Information shown:

• • • •

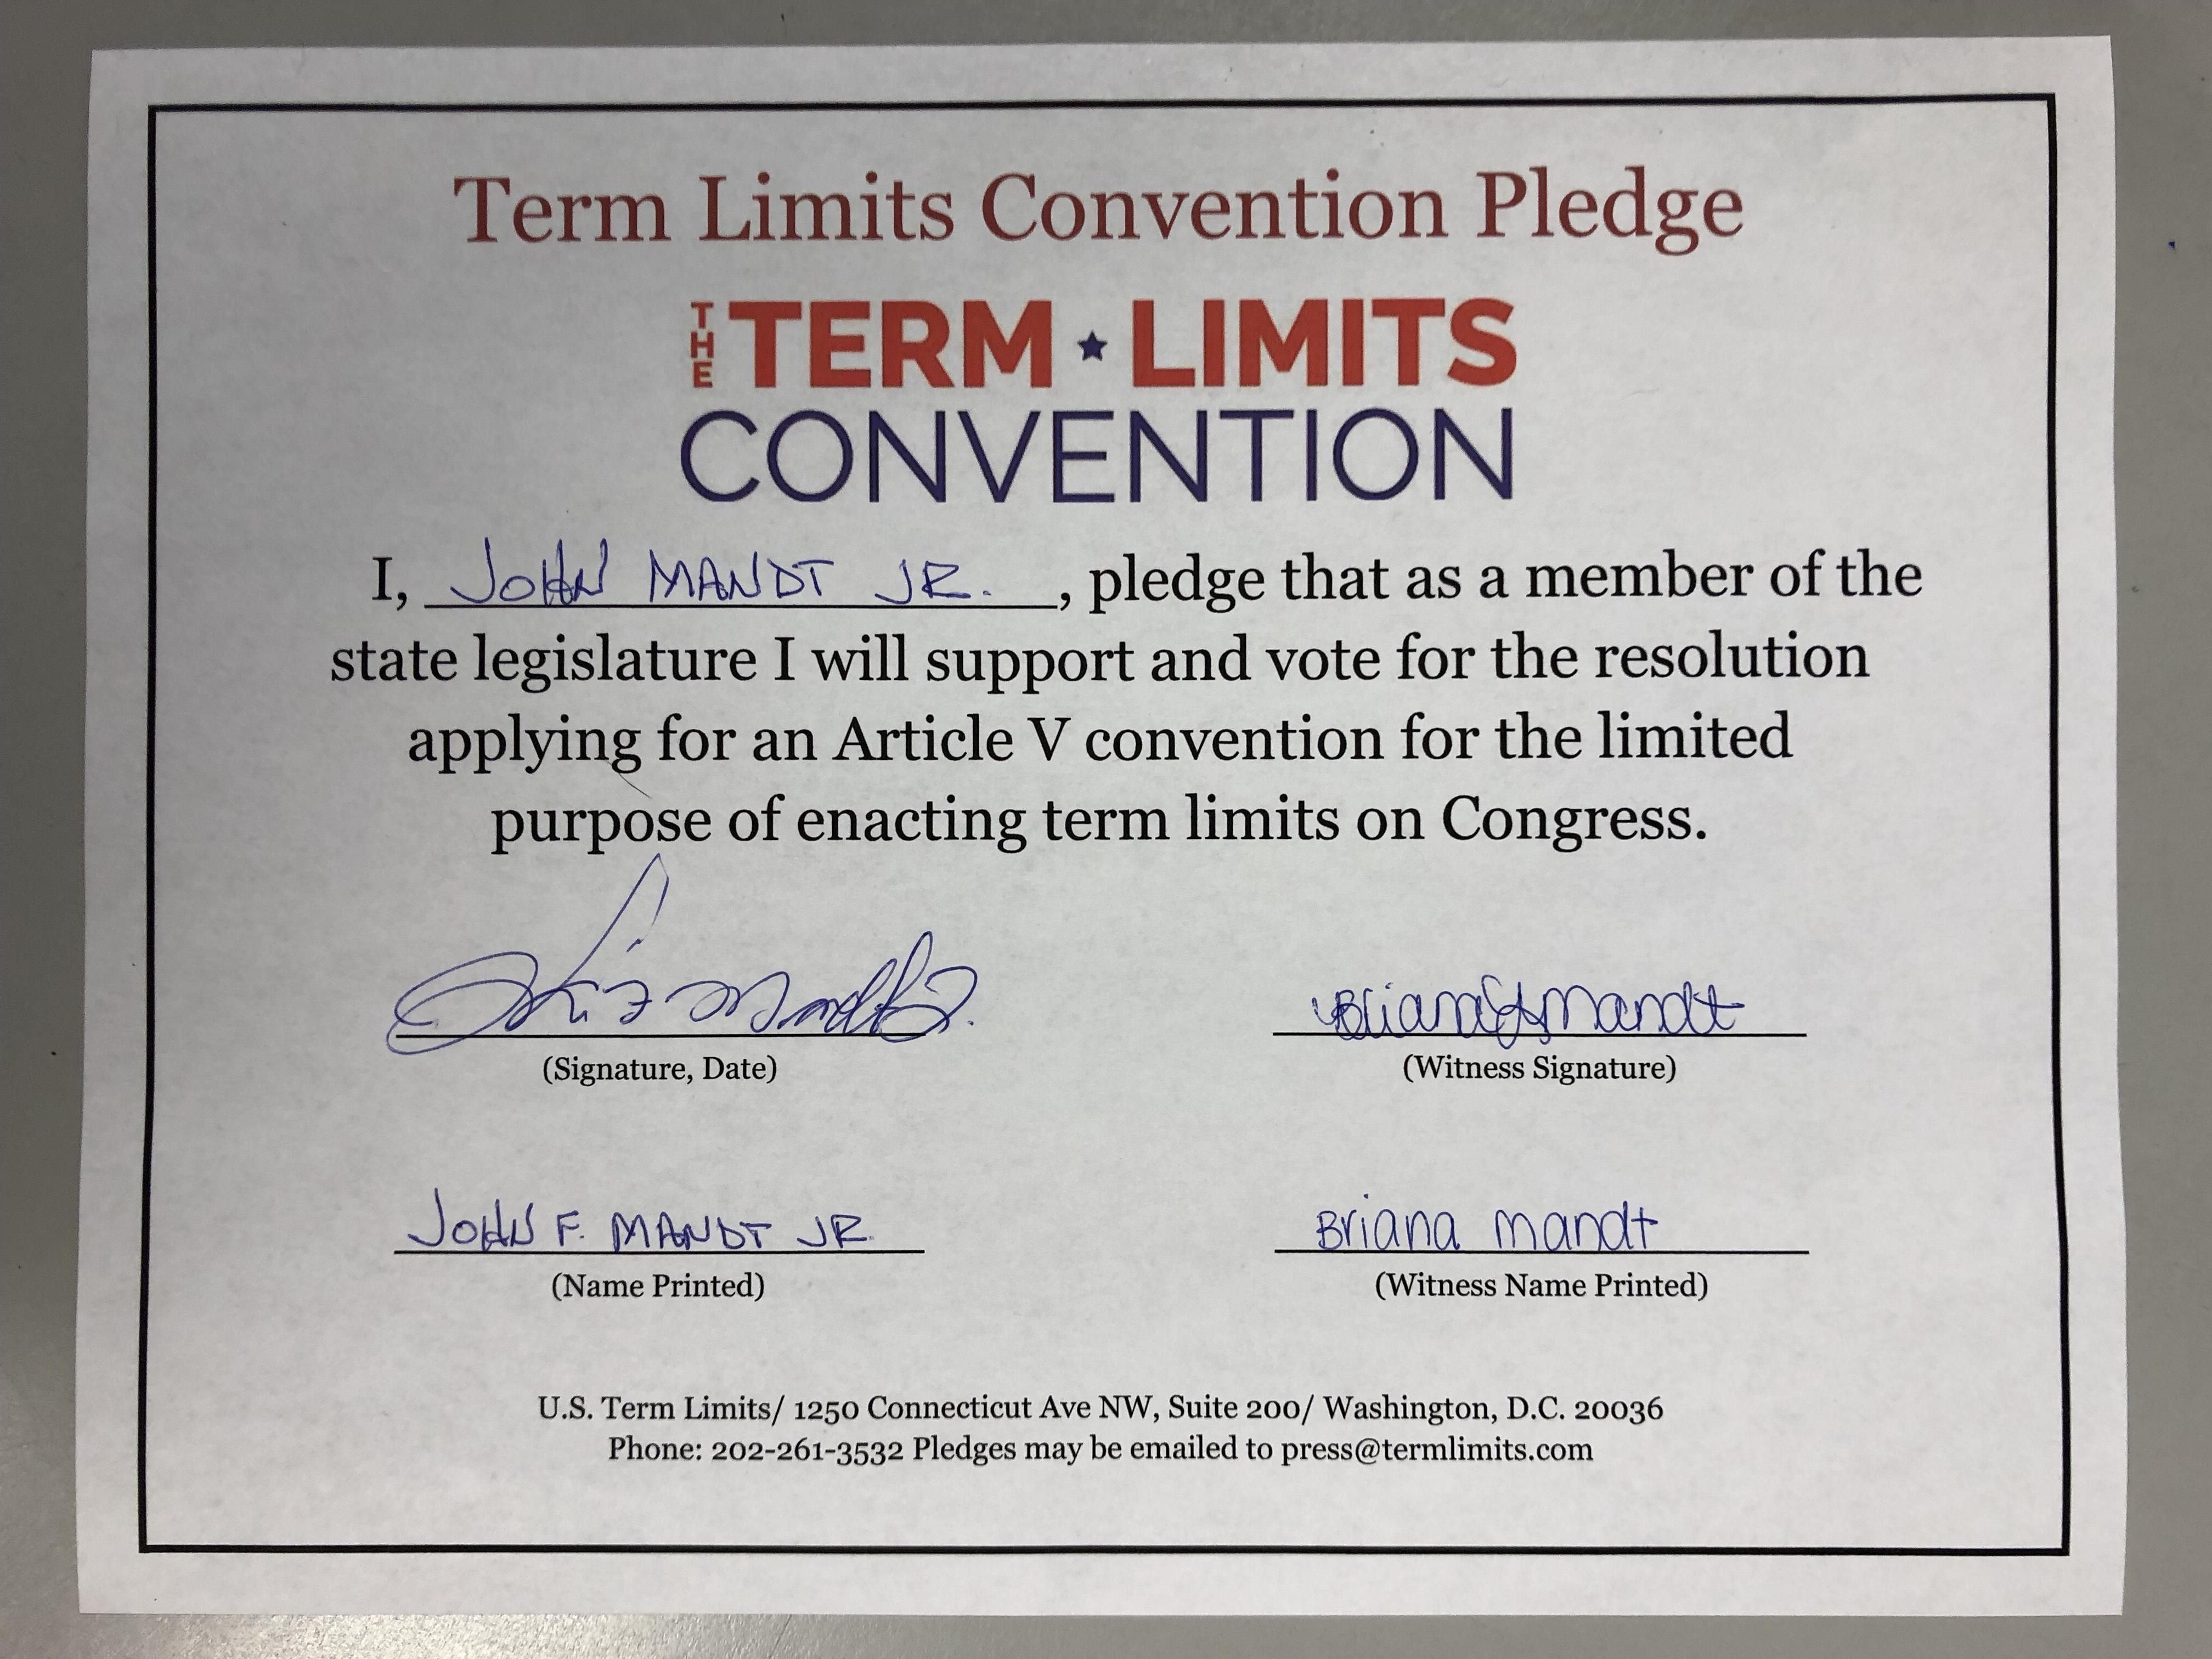 Us Term Limits Praises John Mandt Jr For Signing Pledge Us
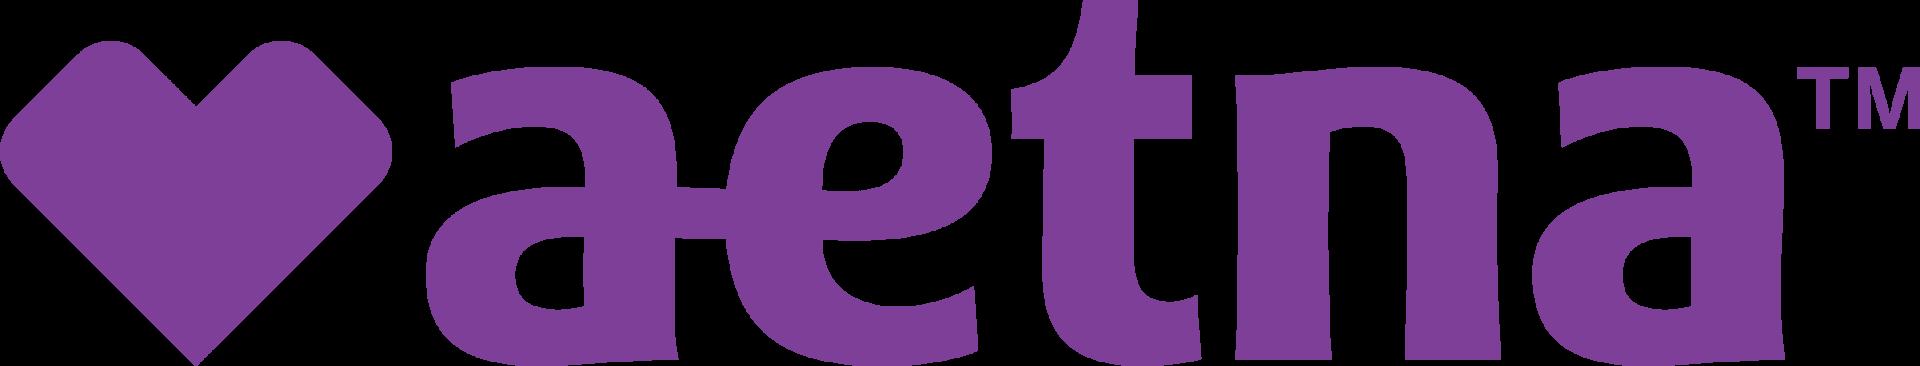 1 Heart Aetna logo sm rgb violet
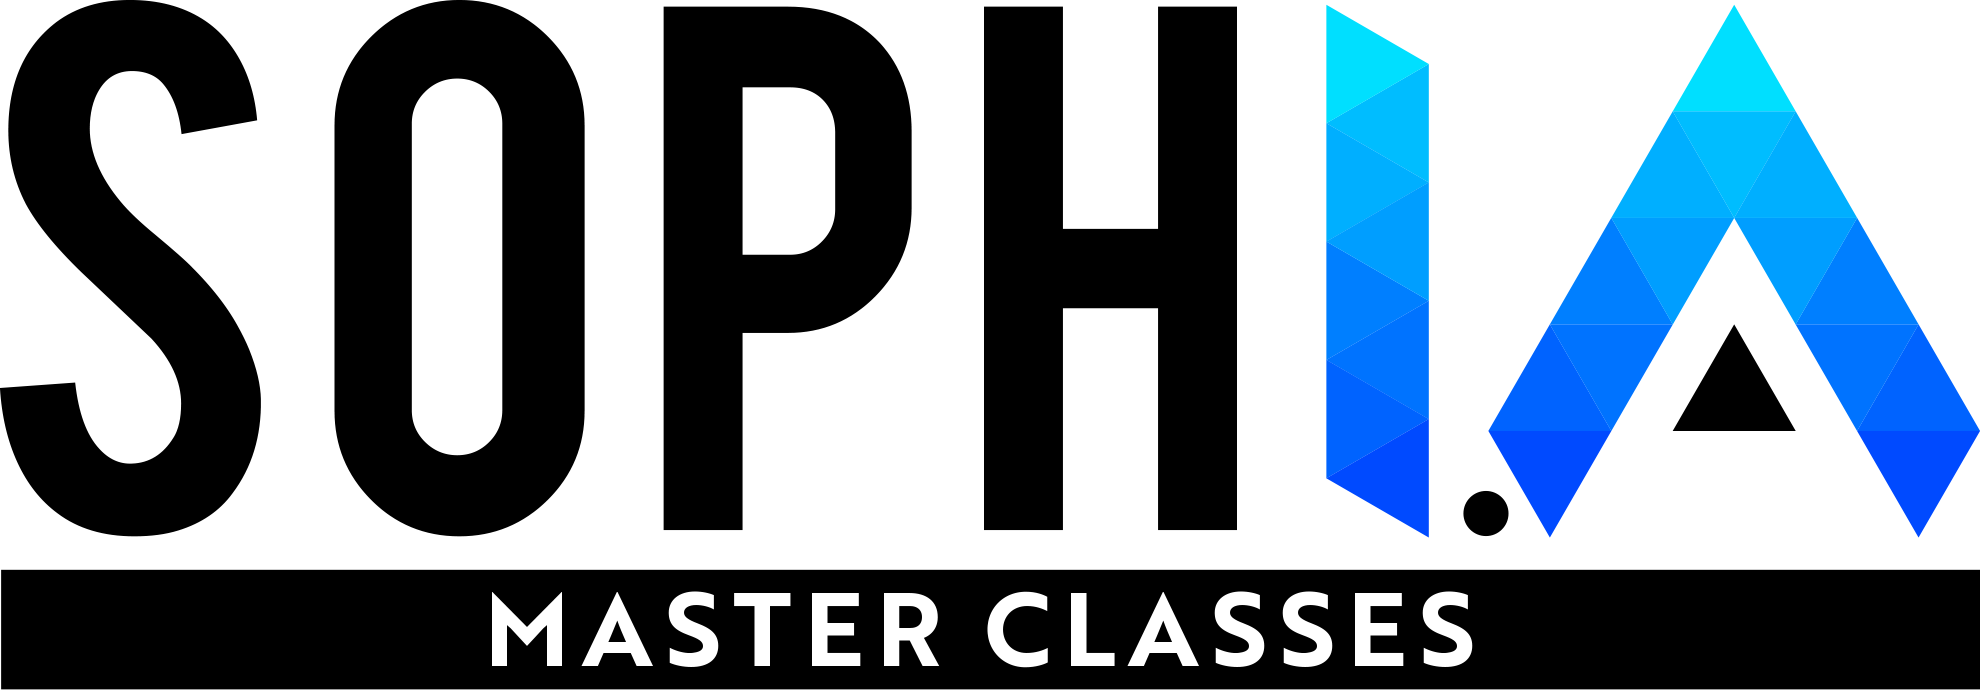 logo sophA master classes
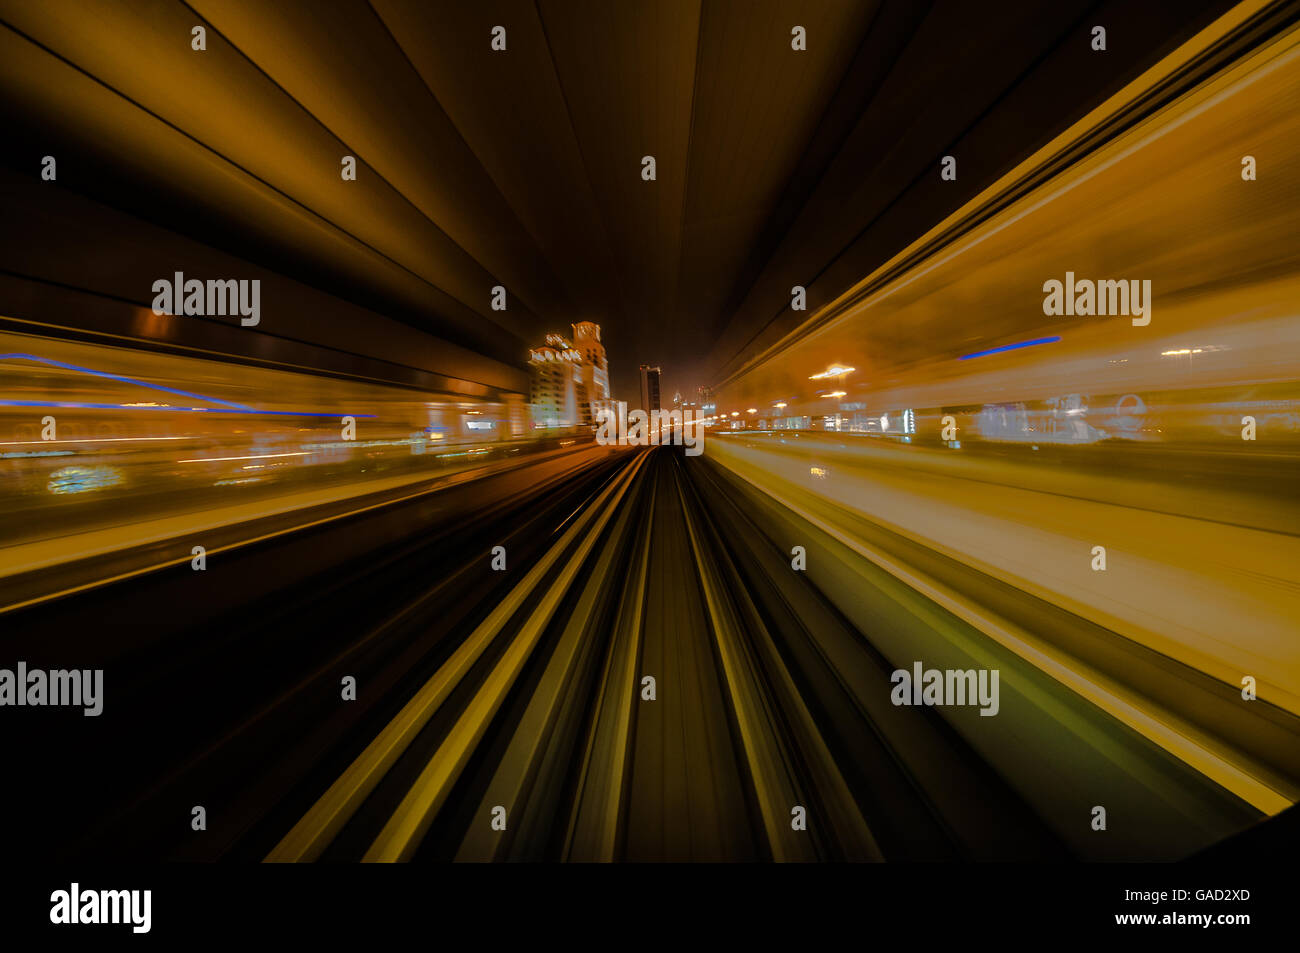 Time warp, time travel, high speed - Stock Image

• • • •

Your task is to reproduce exactly the lines from the one that holds "logo sophA master classes" to the last line of the listing, and only those, omitting the pictures.

Solution to this problem:
 logo sophA master classes
 Time warp, time travel, high speed - Stock Image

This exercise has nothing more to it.